Коадъютор, вполне удовлетворенный, снова сел и поставил зонтик между колен.

– Осенью раньше темнеет, – сказал он.

– Раньше…

Наконец, доведенный до отчаяния, Амаро сказал, что у него нестерпимая мигрень, что он хочет лечь; коадъютор ушел, еще раз напомнив, что завтра надо крестить ребенка нашего друга Гедеса.

Амаро сейчас же отправился в Рикосу. К счастью, ночь была теплая и темная; казалось, скоро пойдет дождь. Сердце Амаро сильно билось от надежды: ах, если бы ребенок родился мертвым! Ведь это вполне возможно!

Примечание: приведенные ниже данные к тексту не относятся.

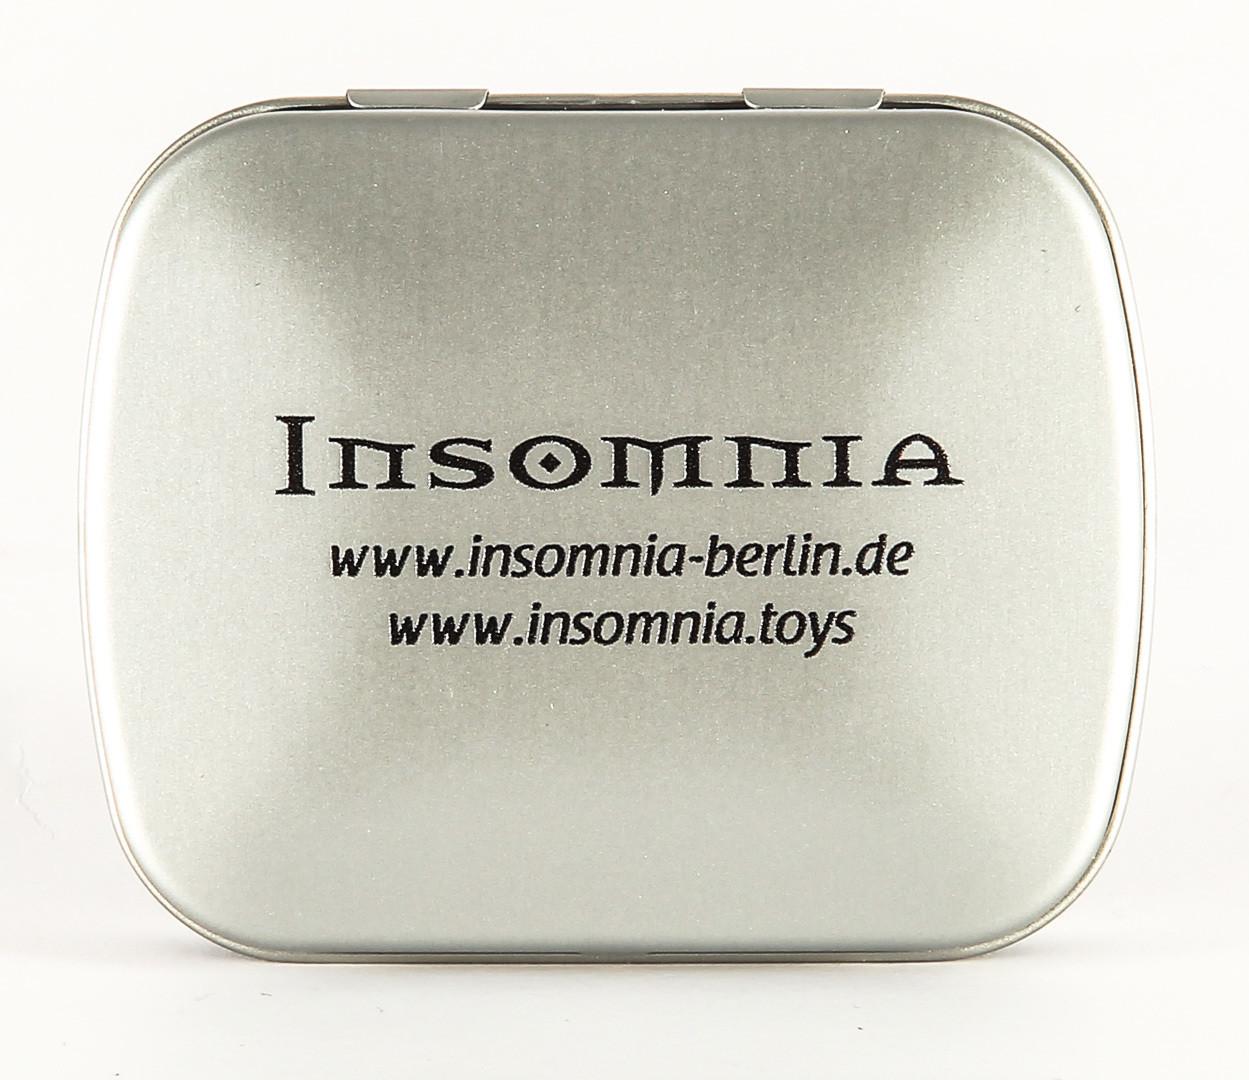 Insomnia Minzbox

У Сан-Жоанейры в молодости родилось двое мертвых детей; Амелия жила все последнее время в такой тревоге что это не могло не нарушить нормальный ход беременности. А если она тоже умрет? При этой мысли его охватила жалость и нежность к этой славной девушке, которая так его любила, а теперь, в расплату за это, кричит, раздираемая болью. И все-таки, если бы оба умерли – и она и ребенок, – тогда его грех и преступление сразу и навсегда исчезли бы в темных глубинах вечности… И он снова мог бы спать спокойно, как до приезда в Лейрию, занимался бы делами церкви, вел бы жизнь чистую и незапятнанную, как белый лист бумаги!

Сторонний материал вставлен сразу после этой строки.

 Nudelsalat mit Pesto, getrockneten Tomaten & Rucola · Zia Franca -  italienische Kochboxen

Он остановился у полуразрушенного сарая на краю дороги: в сарае уже должны были ждать Карлота или ее муж, чтобы забрать ребенка; они еще не решили, кто именно. Амаро противно было думать, что сейчас он увидит карлика с налитыми дурной кровью глазами и что тот унесет его ребенка. Он крикнул в темный сарай: «Ола!» – и с облегчением услышал звонкий голос Карлоты, донесшийся из темноты:

– Я здесь!

Хорошо; надо подождать, сеньора Карлота.

Он был доволен; ему казалось, что теперь нечего бояться: его ребенка унесет на руках, прижимая к своей сильной груди, эта плодовитая сорокалетняя женщина, такая опрятная и свежая на вид.

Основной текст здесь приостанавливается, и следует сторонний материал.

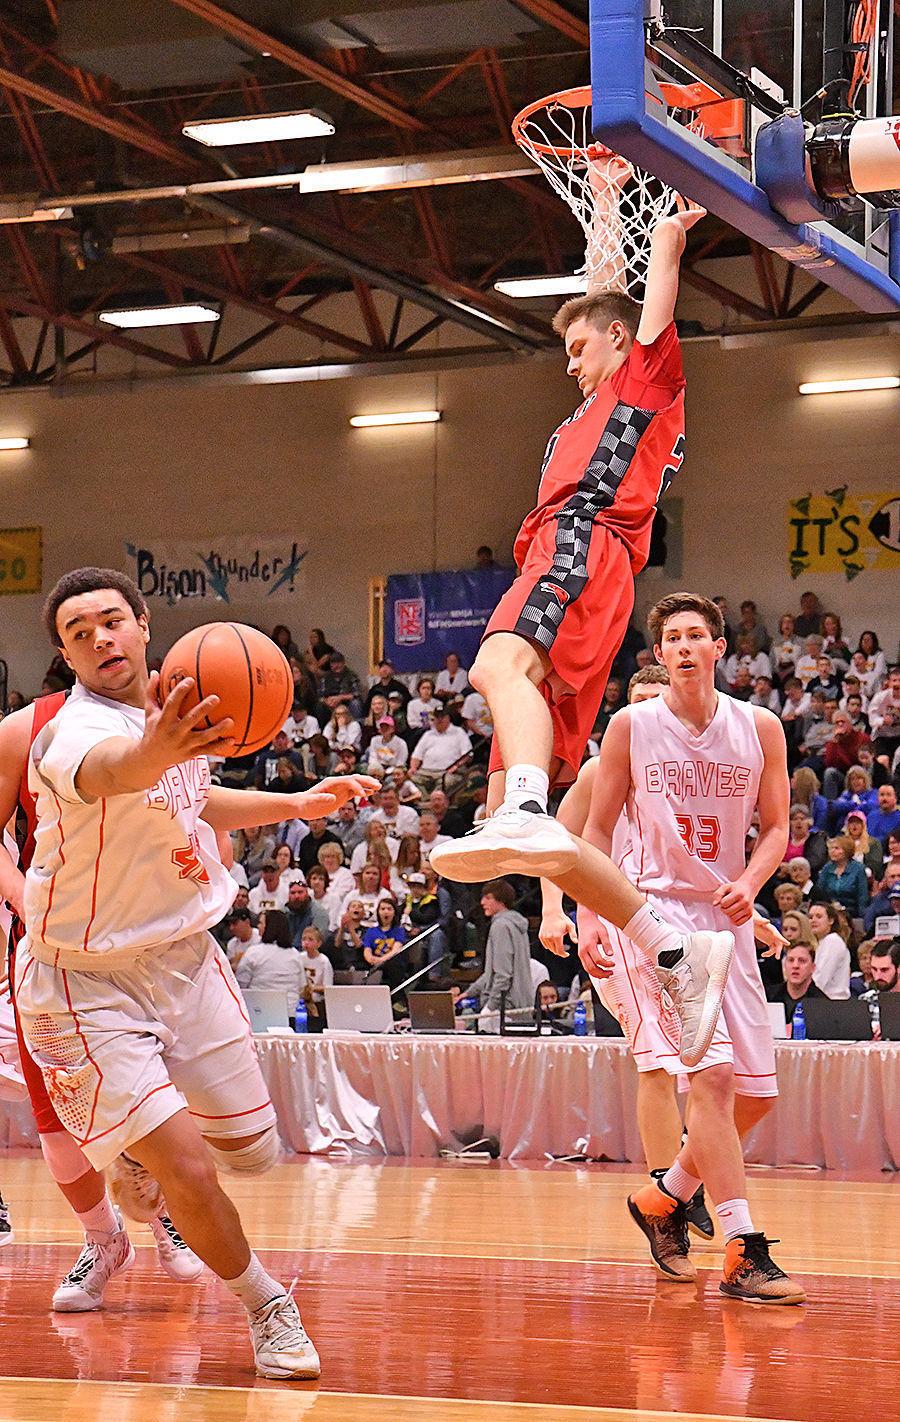 Mack Anderson dunk

Он обошел вокруг дома. Все было темно и безмолвно, и само каменное строение казалось сгустком ненастной декабрьской ночи. Ни одной светящейся щелки в окнах Амелии. Влажный воздух был неподвижен, даже листья не шелестели. Дионисия не выходила.

Его тревожила эта задержка. Кто-нибудь мог заметить, что он бродит вокруг дома. Но Амаро было противно стоять в сарае вместе с Карлотой, и он пошел вдоль стены плодового сада, потом повернул обратно – и тут увидел, что дверь, выходившая на террасу, на мгновение осветилась.

Он подбежал к зеленой садовой калитке как раз в ту минуту, когда она скрипнула, и Дионисия, не проронив ни слова, положила ему на руки сверток.

– Мертвый? – спросил он.

– Зачем? Живой, крепыш!

Она осторожно заперла калитку; собаки, заслышав шорох, уже начинали брехать.

И тогда, держа в руках теплый сверток, в котором спал младенец, падре Амаро почувствовал, что прежние его намерения исчезли, улетучились, точно их смело могучим вихрем. Как! Отдать своего сына этой ужасной бабе, поставляющей ангелочков, чтобы она бросила его в придорожную канаву или утопила в отхожем месте?

– Ну нет! Это мой сын!

Но что же делать? Теперь уже поздно бежать в Пойяйс и договариваться с другой мамкой… Дионисии нечем его кормить. В город его нести нельзя… О, если бы постучаться в эти ворота, вбежать в комнату Амелии, положить малютку, завернутого в теплое одеяльце, к ней на кровать и остаться там втроем, всем вместе, в прибежище неземного счастья! Но нет! Он священник! Будь проклята религия, так безжалостно наступающая ему на горло!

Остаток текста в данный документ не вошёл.